On Thu, 7 Jun 2007, Eric Dumazet wrote:

> Davide Libenzi a écrit :
> > Core code for the fdmap implementation. Random allocation, exact allocation,
> > de-allocation and lookup are all O(1) operations. It also support the
> "legacy"
> > sequential (compact) file descriptor allocation, that is O(N) like the old
> > fdtable implementation.
> > Like the old "struct fdtable", fdmap is RCU friendly too.
> >
> 
> Hi Davide
> 
> I just took a 10 minutes look before running away this morning, I'll try to
> test this to get performance numbers in about 12 hours.

Ok, thx!


> > +int fdmap_newfd_seq(struct fd_map *fmap, unsigned int start,
> > +               unsigned int limit, unsigned long flags)
> > +{
> > +   int fd;
> > +
> > +   if (unlikely(start))
> > +           start = start - fmap->base;
> > +   if (likely(start < fmap->fdnext))
> > +           start = fmap->fdnext;
> > +   fd = find_next_zero_bit(fmap->map, fmap->size, start);
> > +   if (unlikely(fd >= limit))
> > +           return -EMFILE;
> > +   if (unlikely(fd >= fmap->size))
> > +           return -ENOSPC;
> 
> > +   fmap->fdnext = fd + 1;
> 
> Here you broke POSIX I'm afraid.
> 
> You might need some test like
> 
>     if (start <= fmap->fdnext)
>         fmap->fdnext = fd + 1;

Whoops :) It's running everything fine on my machine, so I think not many 
sw uses F_DUPFD ;) Will fix tomorrow.
I also have other changes to do, a couple performance related.

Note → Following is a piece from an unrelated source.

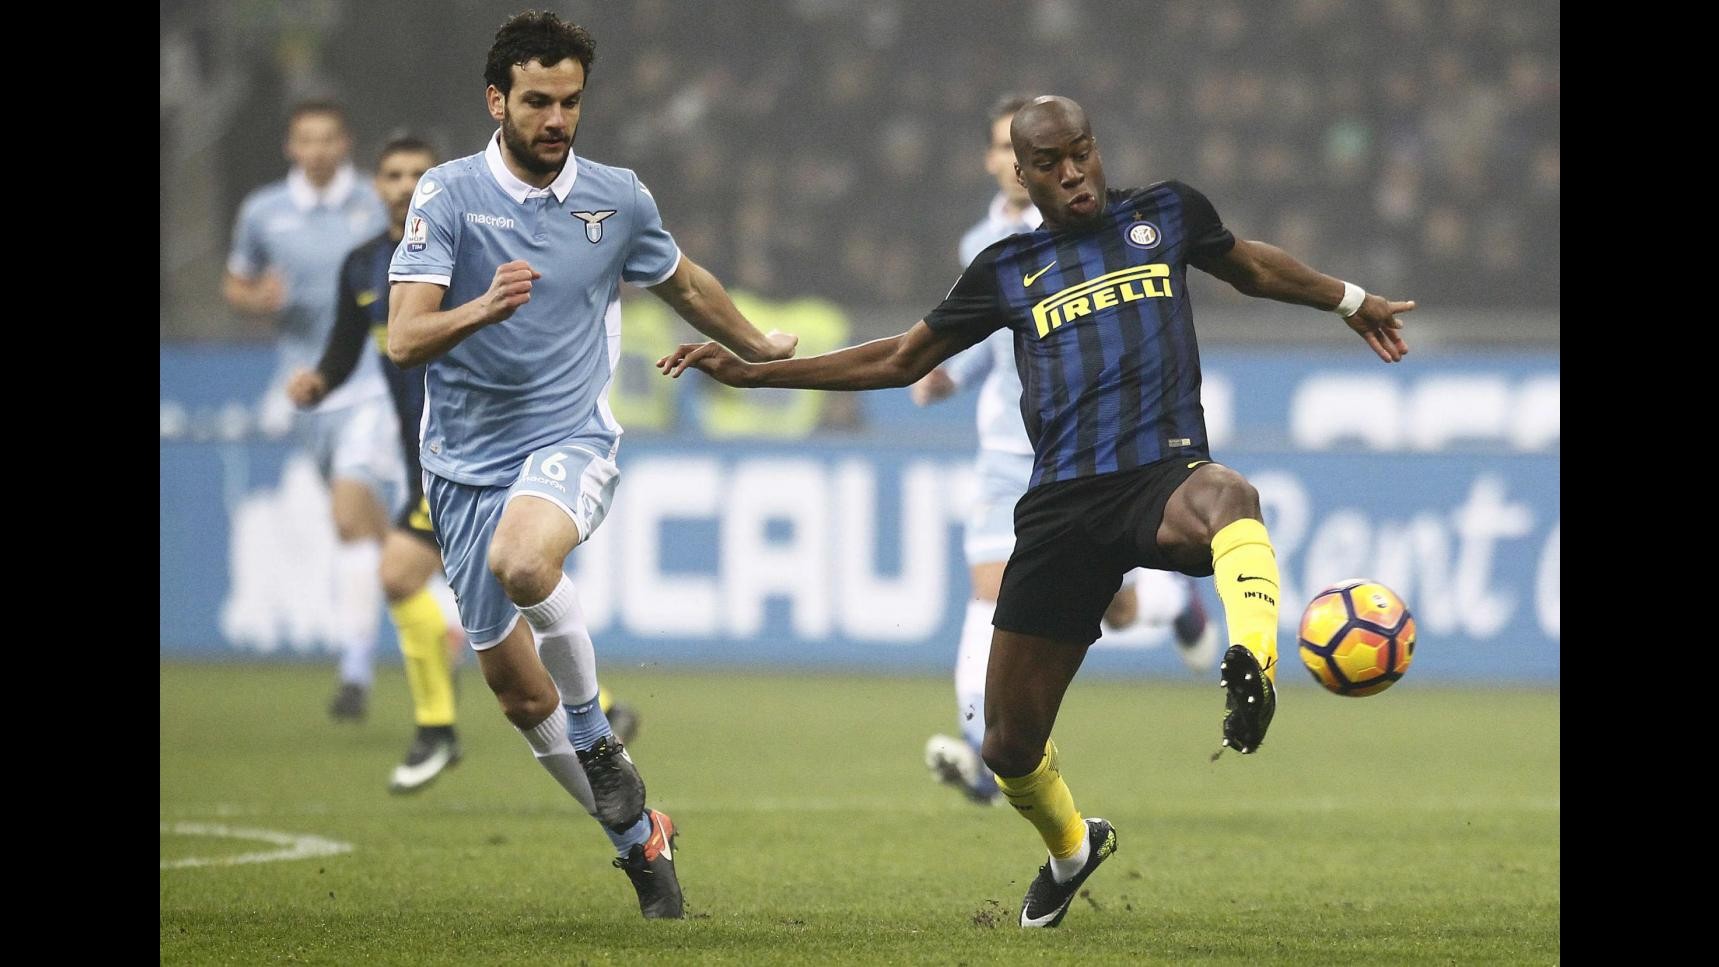 FOTO Coppa Italia, Lazio in semifinale: 2-1 all’Inter

I also 
forgot the --diffstat option for quilt refresh, that'd show the diffstat 
inside the patch.



> Also I'm not sure the first unlikely() and likely() are worth it.
> 
> They probably match the user code you wrote yourself :)

95% or more of the code, uses get_unused_fd(), that calls with start == 0.
So the likely/unlikely are appropriate.